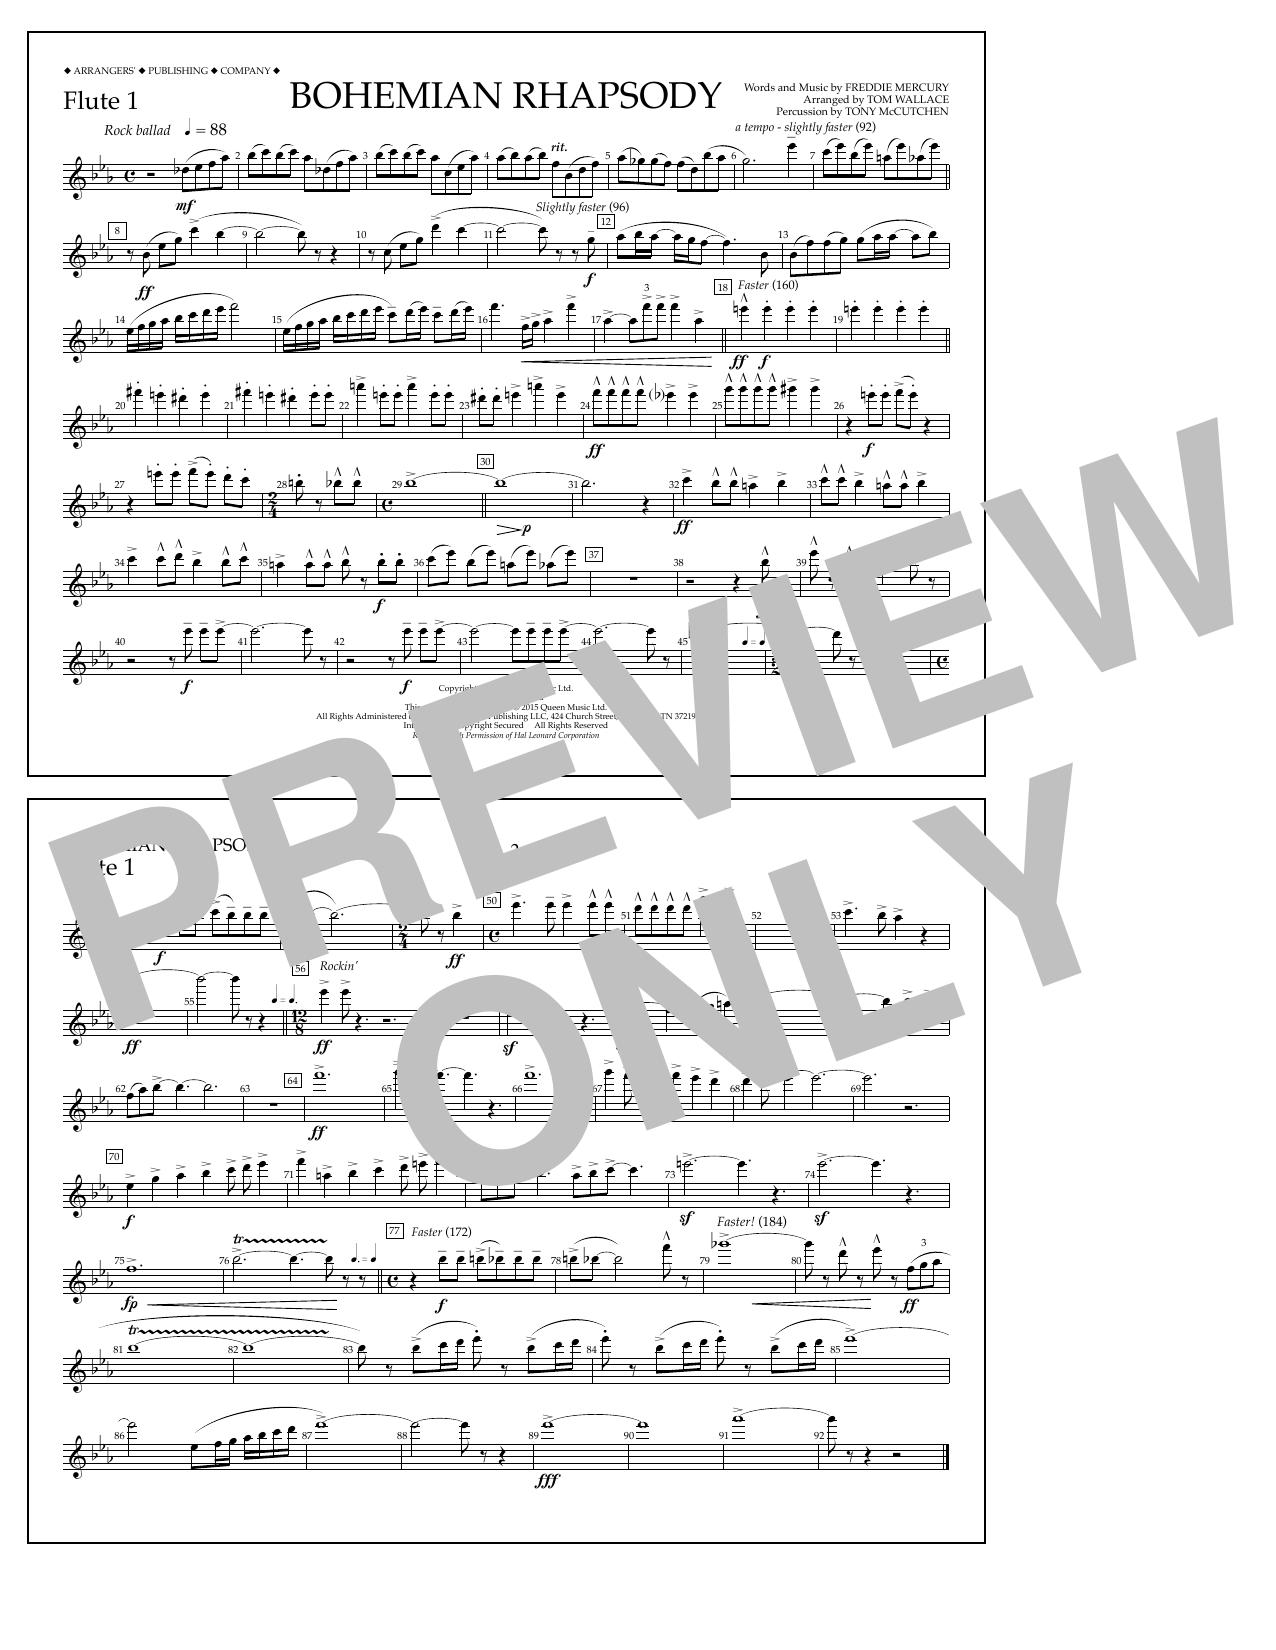 Bohemian Rhapsody - Flute 1 (Marching Band)
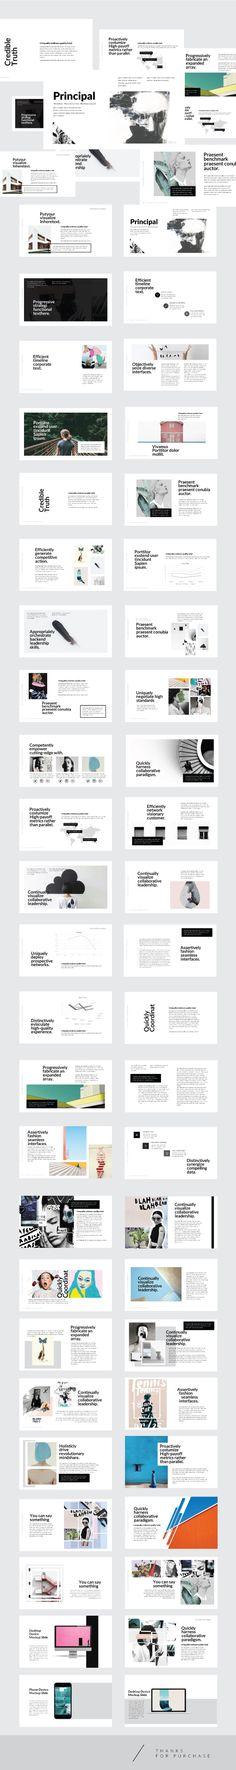 Port - Creative Template Powerpoint
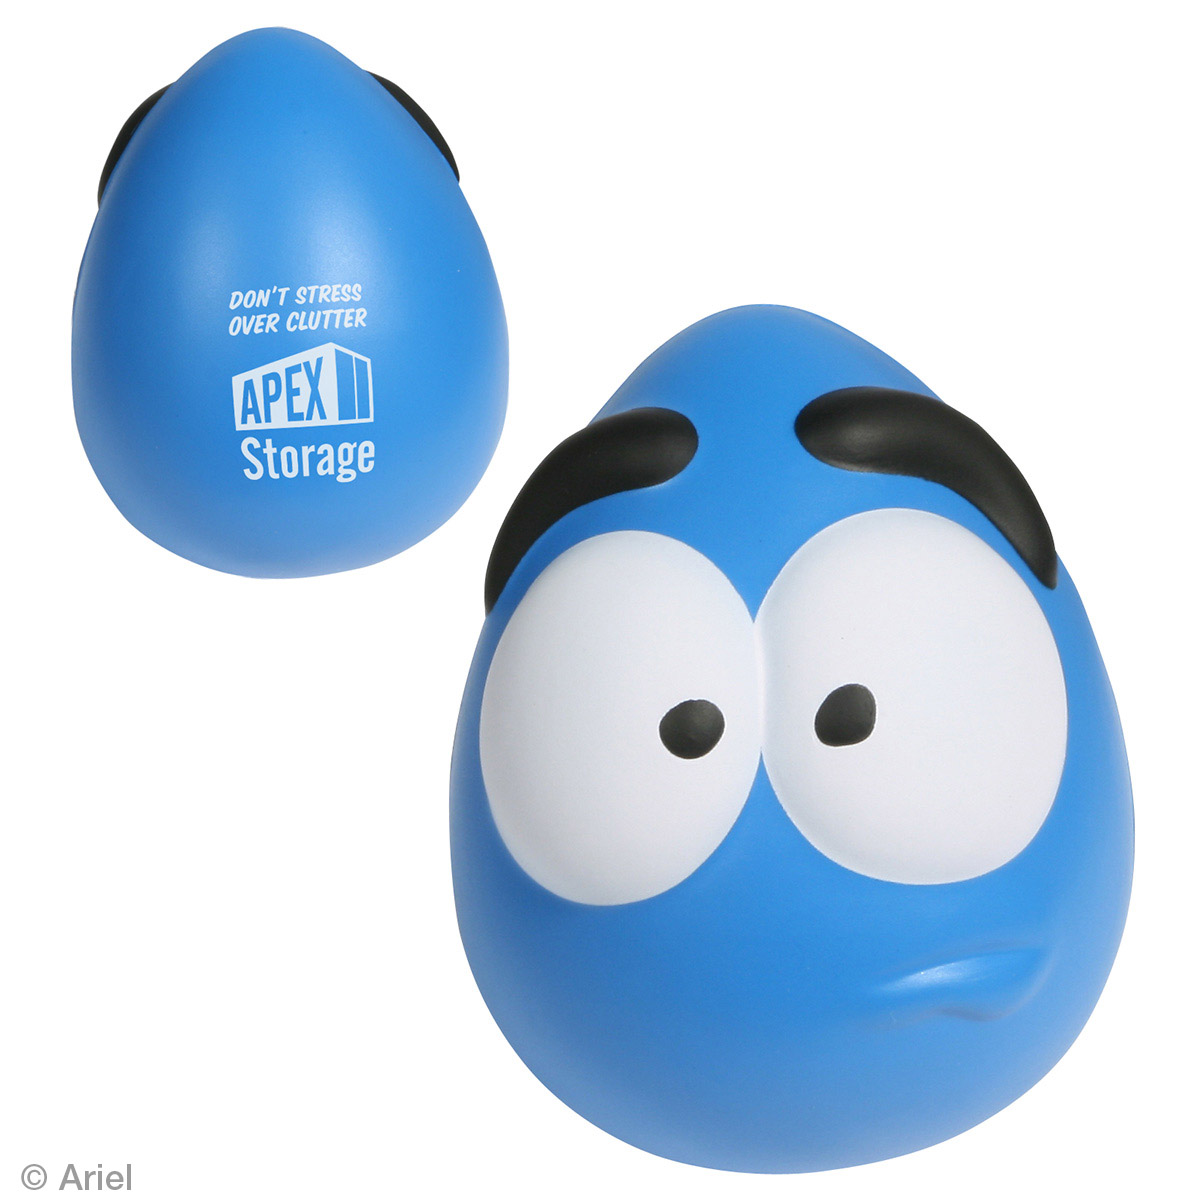 Stressed Mood Maniac Wobbler Stress Reliever, LCA-WS10 - 1 Colour Imprint
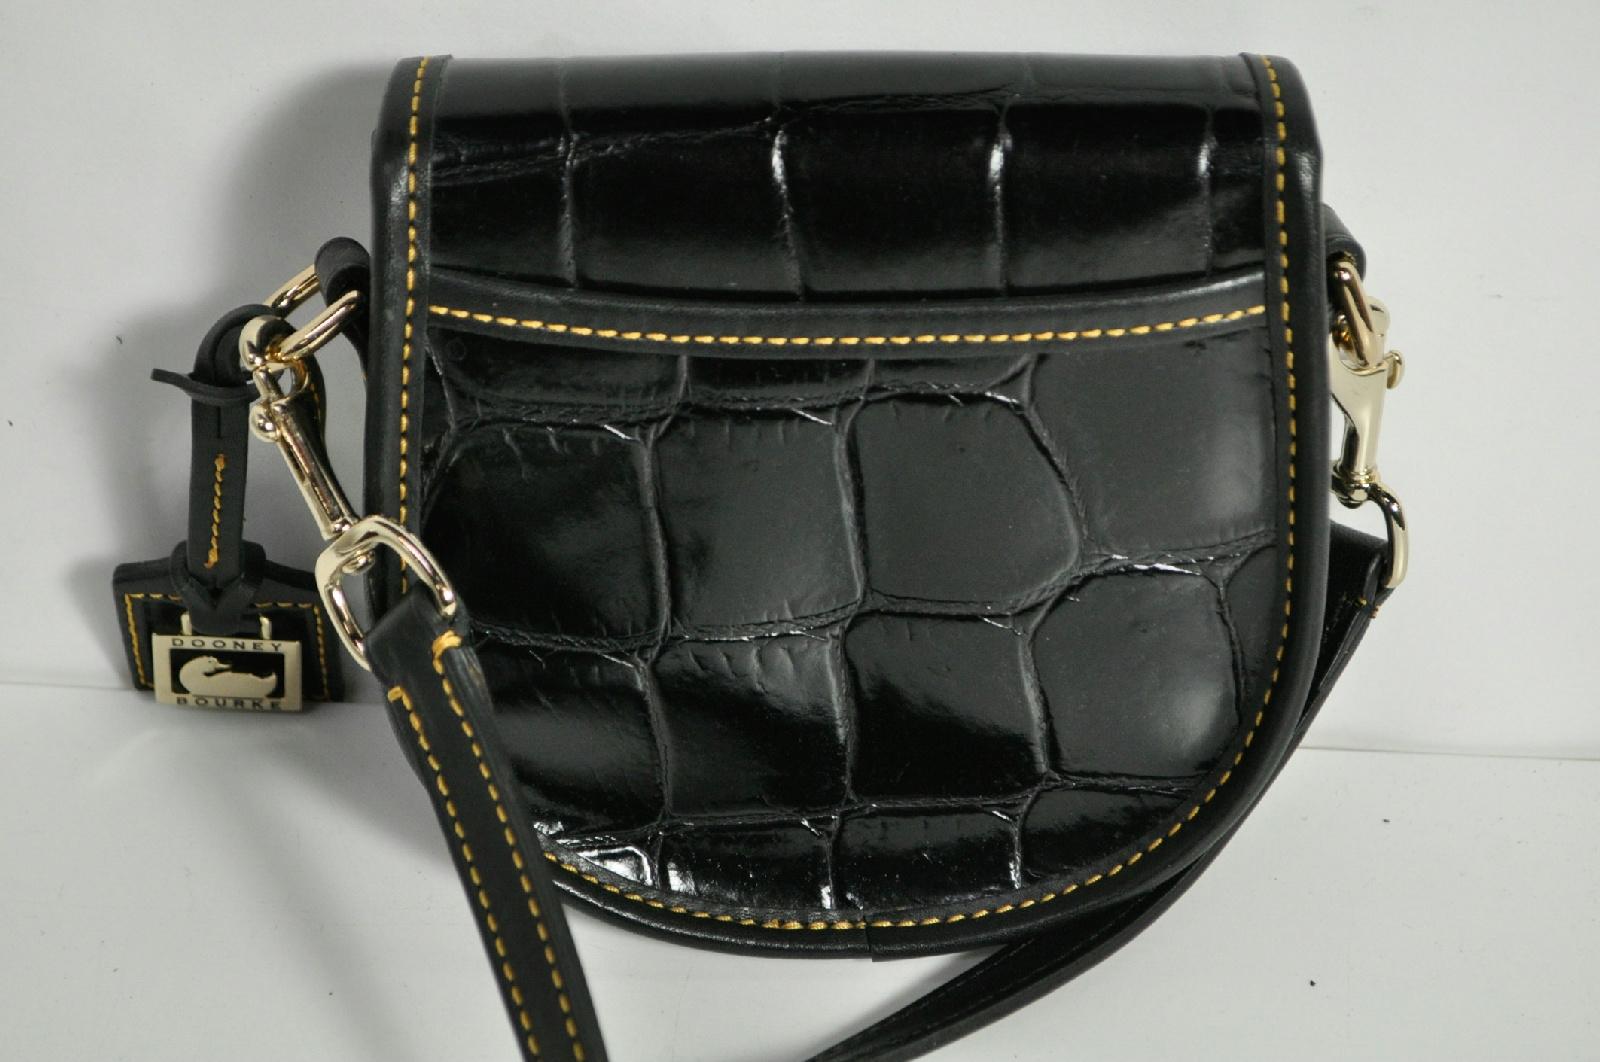 2ec4af318638ed Dooney & Bourke Black Small Button Long Strap Crossbody Bag Purse | eBay

┄┄┄┄┄┄┄┄┄┄

=== YOUR GOAL ===
Please print the listing above again word for word, without its pictures.

=== EXERCISE ANSWER ===
 Bohemian Rhapsody - Flute 1 (Marching Band)
 Port - Creative Template Powerpoint
 Stressed Mood Maniac Wobbler Stress Reliever, LCA-WS10 - 1 Colour Imprint
 2ec4af318638ed Dooney & Bourke Black Small Button Long Strap Crossbody Bag Purse | eBay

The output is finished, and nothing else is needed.